Fully Differentiable Losses: These are formulated to achieve direct alignment with original gradients for gradient-descent-based optimization. For instance, a surrogate loss for forward KL is derived to maximize expected rewards while controlling policy divergence.
REINFORCE-Style Estimators: The framework adapts these estimators to manage off-policy learning scenarios through importance sampling techniques, including using stop-gradient operators to effectively implement policy updates.

Figure 2: Comparative results highlighting RPG variants' performance in efficient learning against established baselines.

Theoretical Insights and Corrections

One significant theoretical contribution lies in identifying and correcting an inconsistency in the gradient estimation of the Group Relative Policy Optimization (GRPO) algorithm's KL objective. By proposing a corrected gradient estimator, the paper improves upon existing methodologies by incorporating importance weighting accurately within the objective function.

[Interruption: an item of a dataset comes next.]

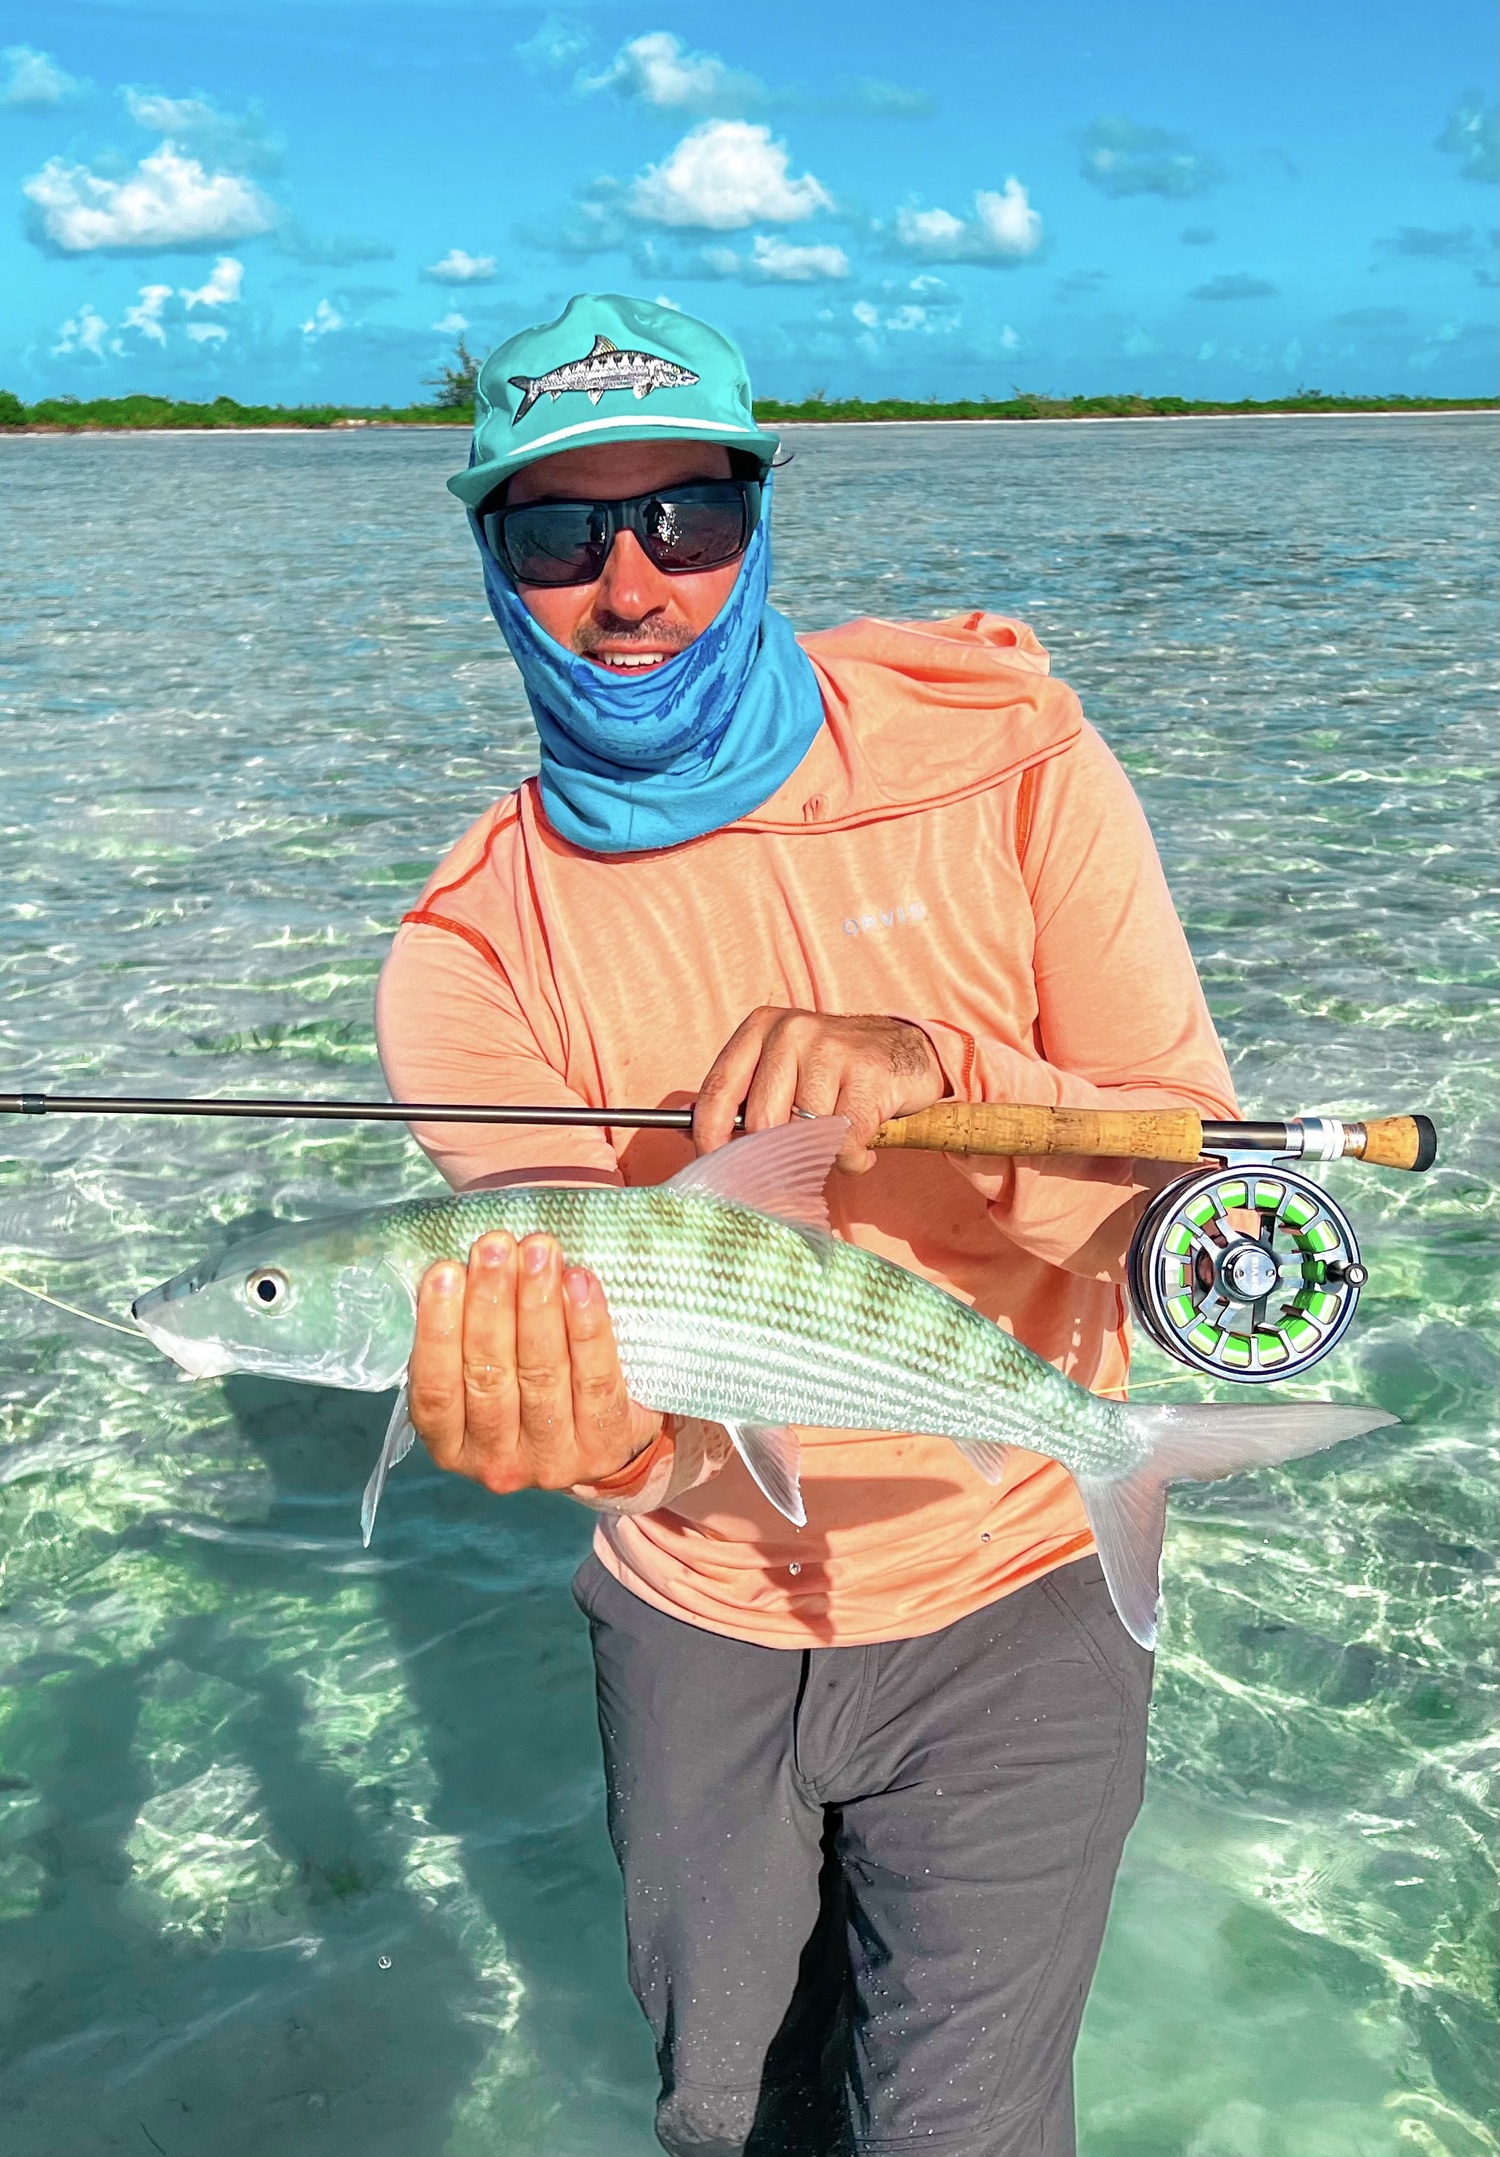 Steve Lobosco snuck away from a family vacation in the Turks & Caicos just long enough to catch a couple nice bonefish on fly.

Computational Considerations

The computational efficiency of RPG is augmented by its design choice of not requiring dual models in memory simultaneously. By utilizing precomputed probabilities from a previous policy iteration, RPG enhances computational efficiency, reducing the typical memory burden associated with reference-based regularization methods.

Empirical Evaluation

Extensive experiments on reasoning tasks for LLMs confirm the effectiveness of the RPG framework. Compared against baselines like GRPO and REINFORCE++, the RPG methods exhibit improved training stability and competitive performance. Notably, results on mathematical reasoning benchmarks demonstrate RPG's ability to sustain high performance, effectively balancing exploration and exploitation through its KL regularization strategies.

Figure 3: Visualization of reward metrics and training dynamics demonstrating RPG's stability on LLM reasoning tasks.

Performance Metrics and Results

The experiments reveal strong performance of RPG methods across various tasks, particularly highlighting substantial improvements on tasks such as AMC23 and AIME24. These results underscore RPG's capability to maintain robust training dynamics, as shown by sustained reward metrics and control over policy entropy.

Conclusion

The introduction of KL-Regularized Policy Gradient algorithms presents a refined approach to optimizing LLMs for complex reasoning tasks by structurally integrating KL divergence into reinforcement learning frameworks. The RPG framework not only enhances empirical performance but also offers theoretical insights with practical implementation strategies that efficiently manage computational resources. Future explorations might extend these methodologies to broader applications involving sparse or complex reward structures typical in natural language processing and decision-making scenarios.